Please return the listing exactly as it stands, skipping any pictures.

- Records for processing:
++++
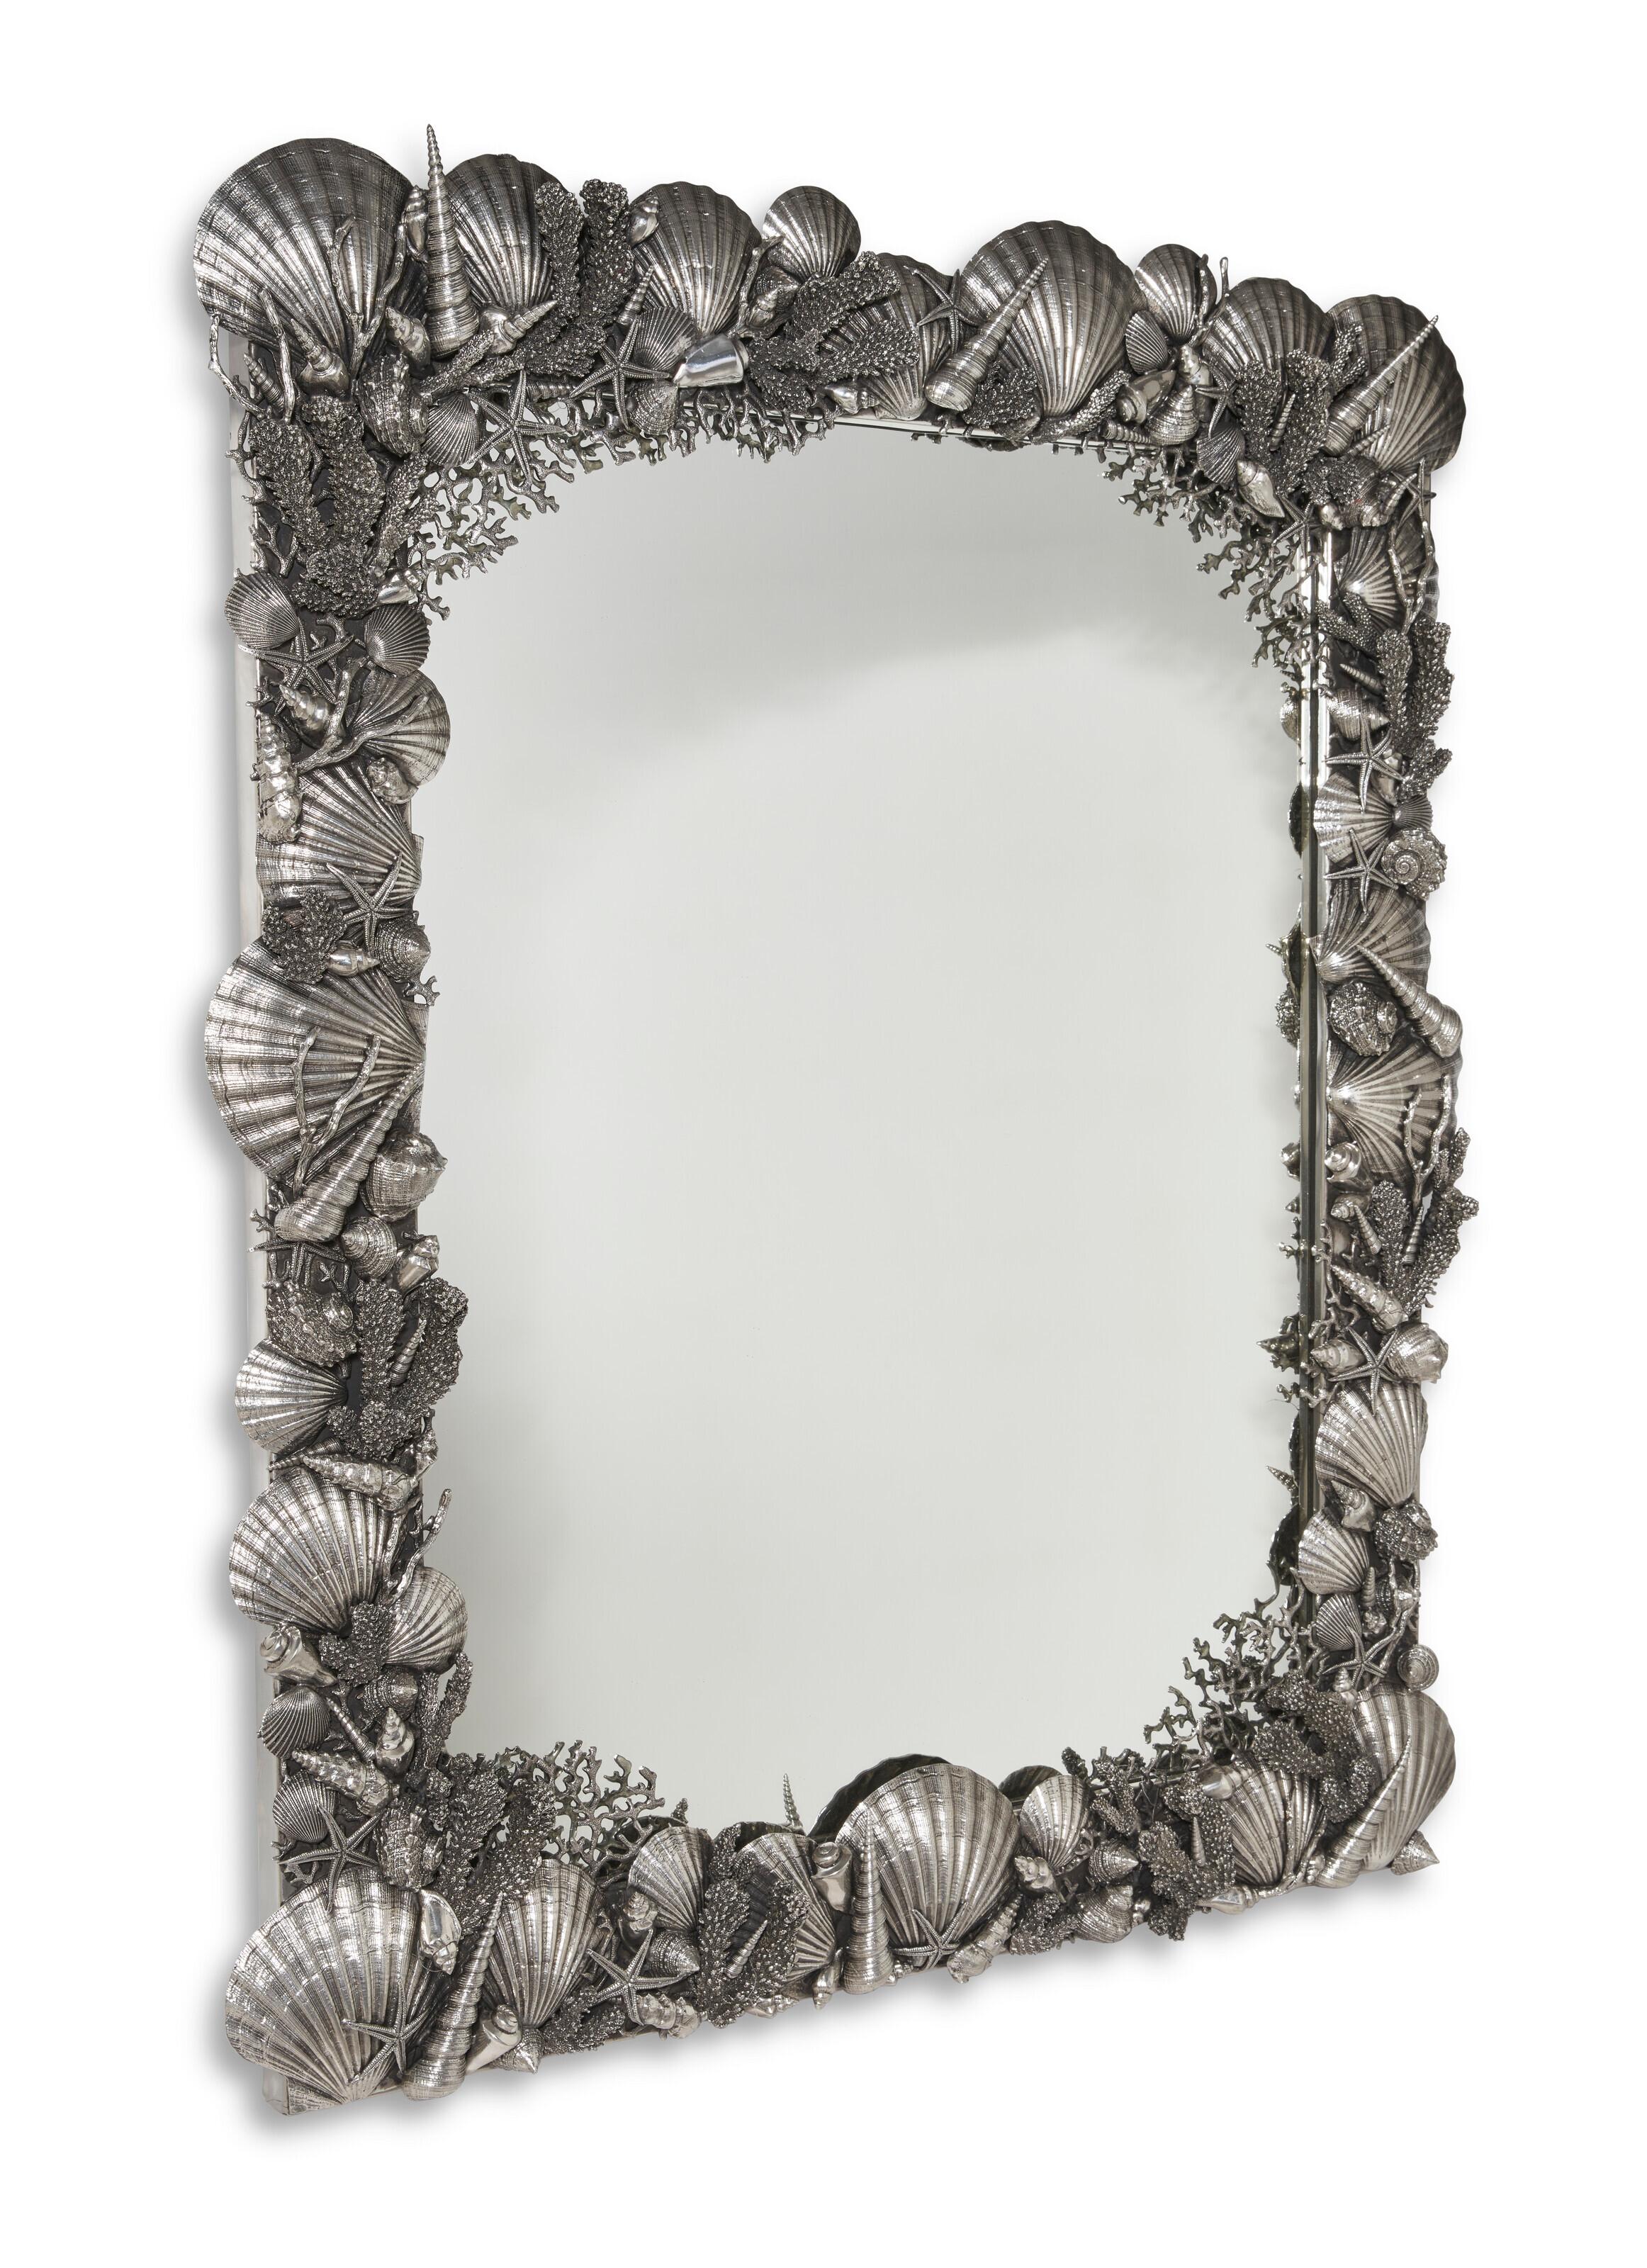 Our pair of vintage Italian made mirror with finely sculpted frame of three-dimensional sea shells each measure 34 1/2 by 41 inches and are in excellent condition.  Ideal for use as pier mirrors or to frame doorways.
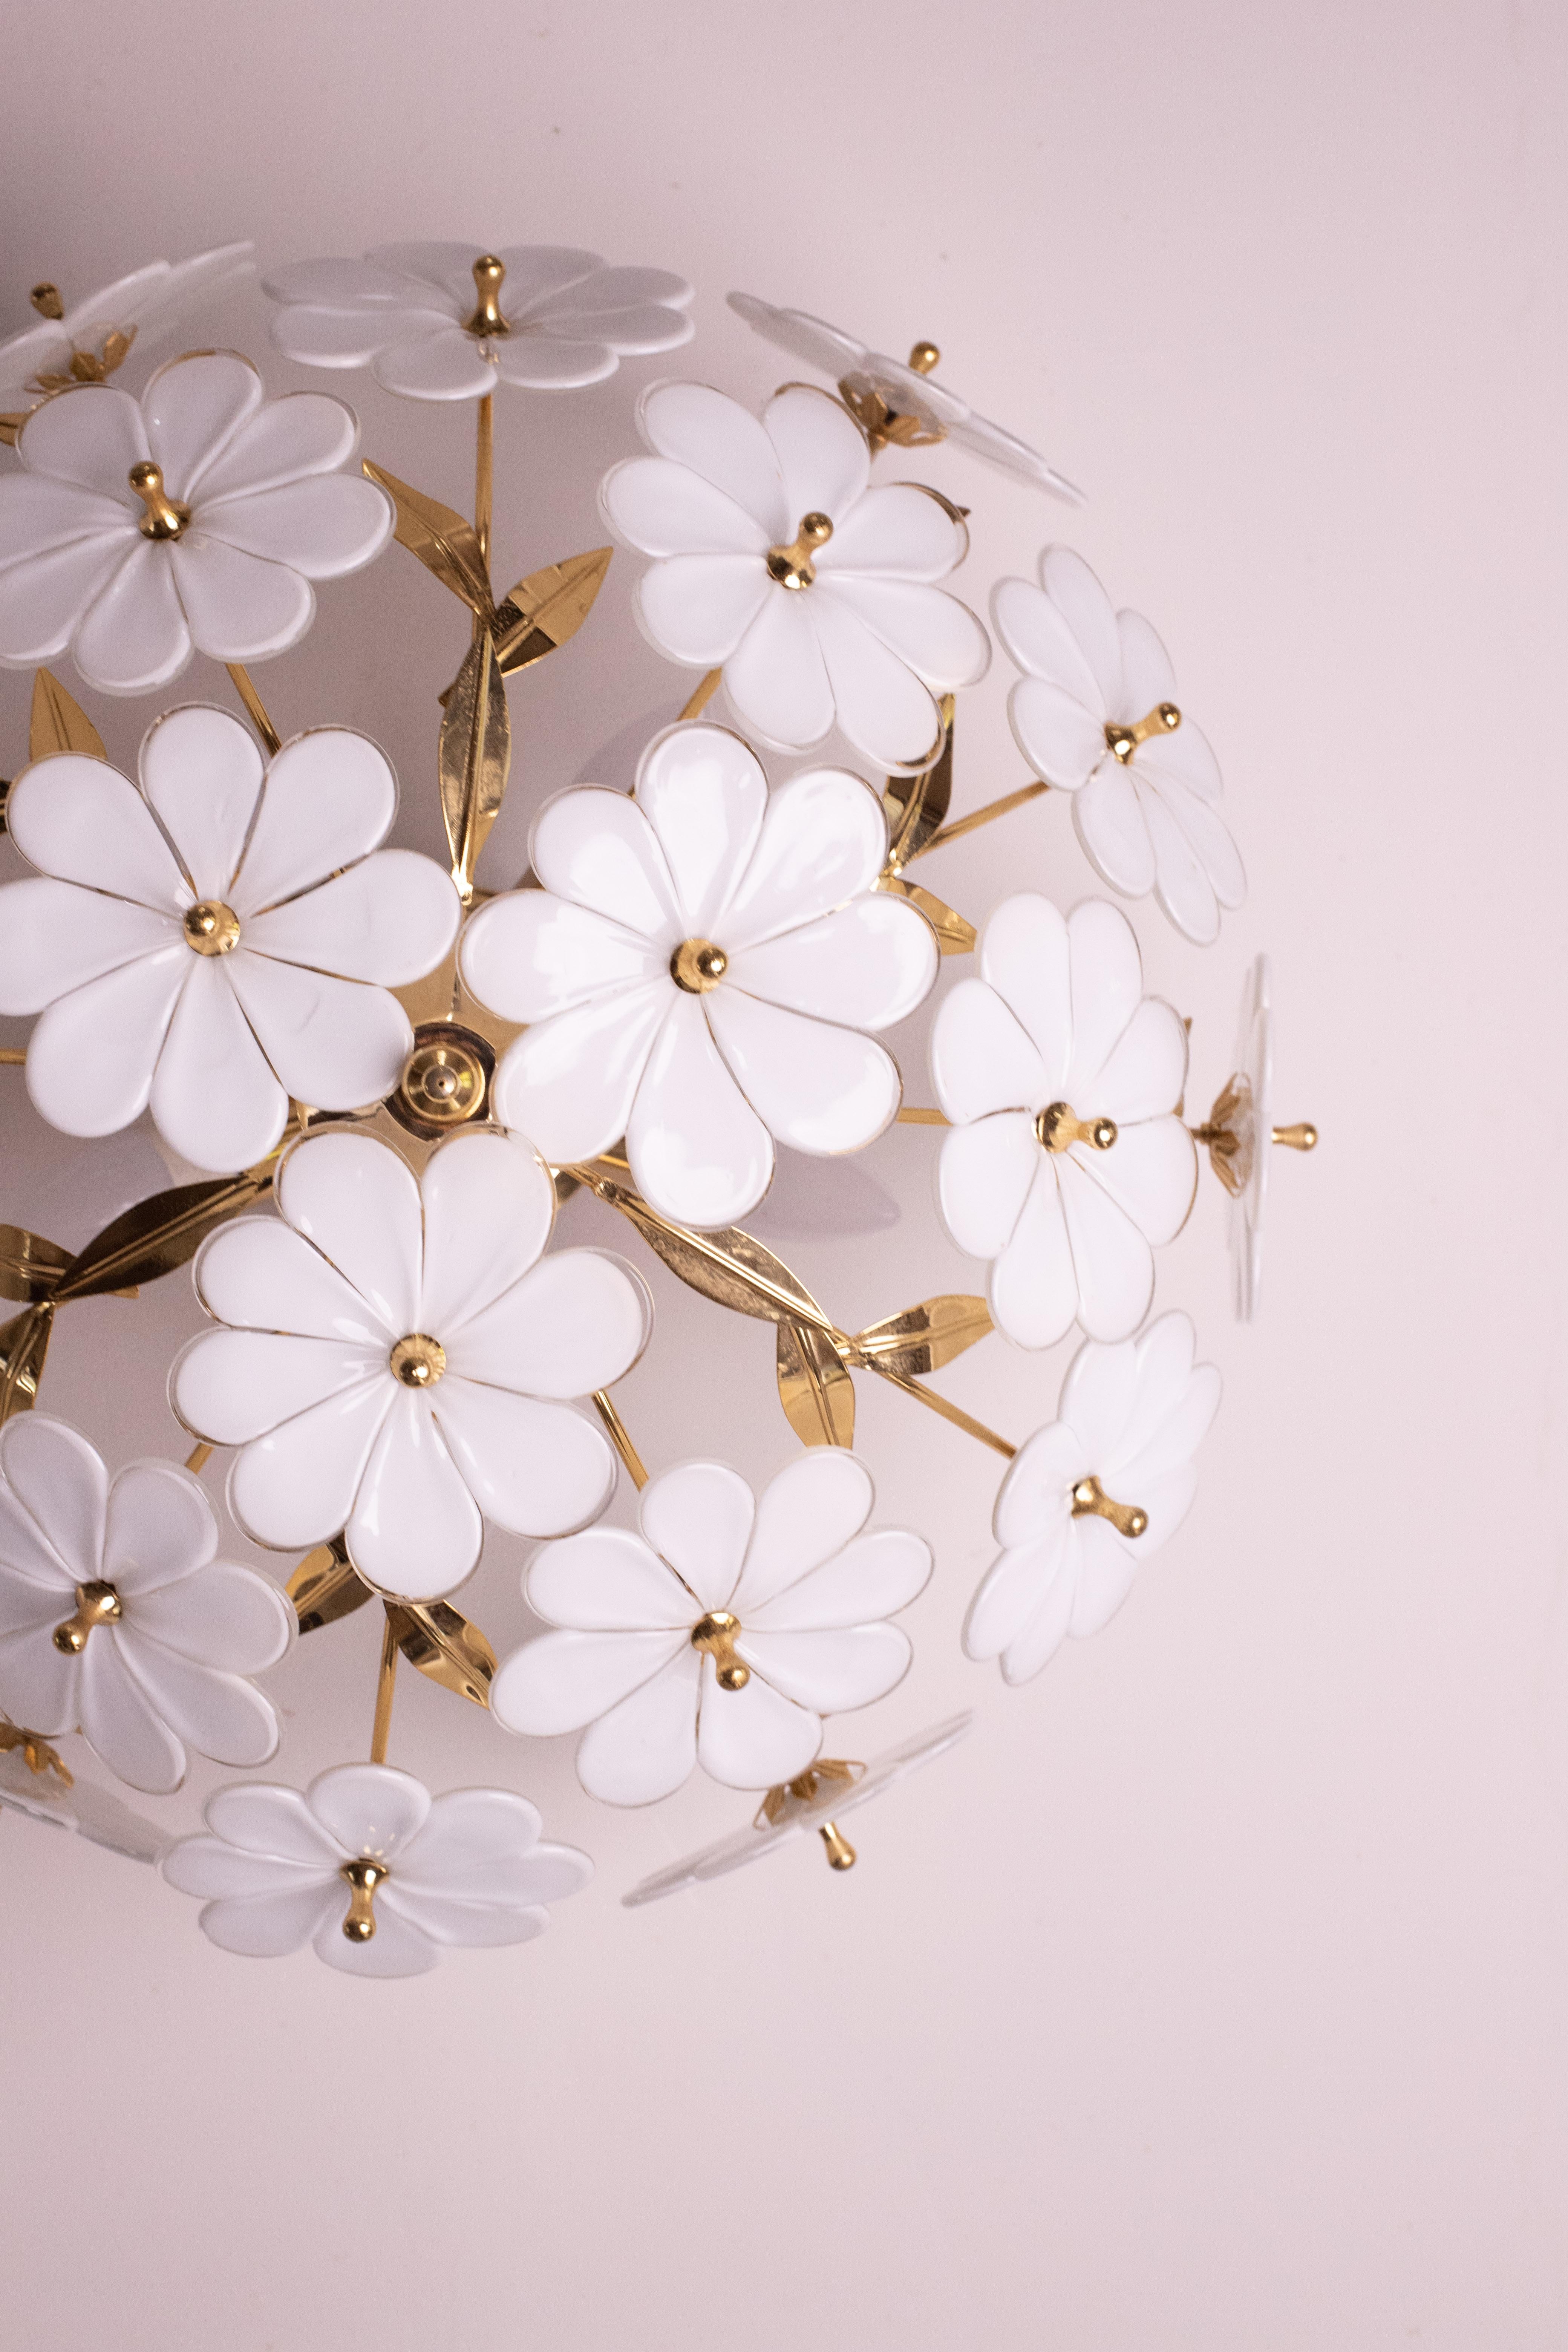 Vintage Murano glass chandelier full of white flowers.
The chandelier has 5 light points with E14 connection.
The structure is in gold bath in good vintage condition.
The height of the chandelier is 30 cm, the diameter is 55.
++++
- Your response:
 Our pair of vintage Italian made mirror with finely sculpted frame of three-dimensional sea shells each measure 34 1/2 by 41 inches and are in excellent condition.  Ideal for use as pier mirrors or to frame doorways.
 Vintage Murano glass chandelier full of white flowers.
The chandelier has 5 light points with E14 connection.
The structure is in gold bath in good vintage condition.
The height of the chandelier is 30 cm, the diameter is 55.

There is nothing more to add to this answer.